In a triangle $ABC$, point $P$ is the incenter and $A'$, $B'$, $C'$ its orthogonal projections on $BC$, $CA$, $AB$, respectively. Show that $\angle B'A'C'$ is acute.

In a quadrilateral $ABCD$, a circle is inscribed that is tangent to the sides $AB, BC, CD$ and $DA$ at points $M, N, P$ and $Q$, respectively. If $(AM) (CP) = (BN) (DQ)$, prove that $ABCD$ is an cyclic quadrilateral.

The point $ M$ is chosen inside parallelogram $ ABCD$. Show that $ \angle MAB$ is congruent to $ \angle MCB$, if and only if $ \angle MBA$ and $ \angle MDA$ are congruent.

A non-isosceles triangle $A_{1}A_{2}A_{3}$ has sides $a_{1}$, $a_{2}$, $a_{3}$ with the side $a_{i}$ lying opposite to the vertex $A_{i}$. Let $M_{i}$ be the midpoint of the side $a_{i}$, and let $T_{i}$ be the point where the inscribed circle of triangle $A_{1}A_{2}A_{3}$ touches the side $a_{i}$. Denote by $S_{i}$ the reflection of the point $T_{i}$ in the interior angle bisector of the angle $A_{i}$. Prove that the lines $M_{1}S_{1}$, $M_{2}S_{2}$ and $M_{3}S_{3}$ are concurrent.

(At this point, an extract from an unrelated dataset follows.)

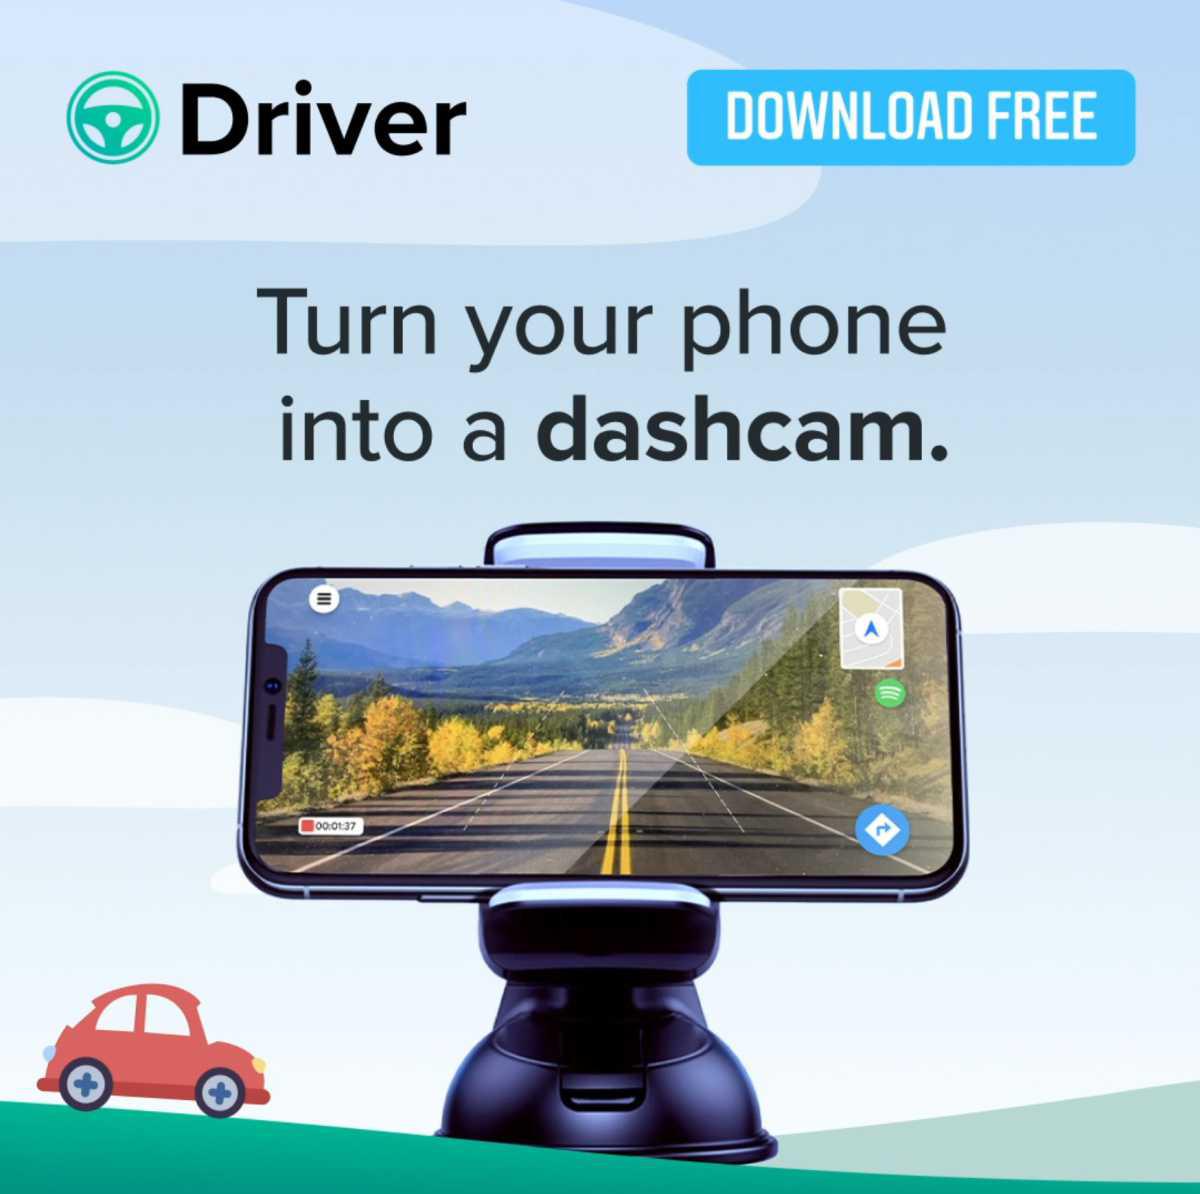 Driver - The Dash Cam Super App introduces DriverPremium PLUS!

$C$, $C'$ are concentric circles with radii $R$, $R'$. A rectangle has two adjacent vertices on $C$ and the other two vertices on $C'$. Find its sides if its area is as large as possible.

In an acute, scalene triangle $\triangle ABC$, let $O$ be the circumcenter. Let $M$ be the midpoint of $AC$. Let the perpendicular from $A$ to $BC$ be $D$. Let the circumcircle of $\triangle OAM$ hit $DM$ at $P(\not= M)$. Prove that $B, O, P$ are colinear.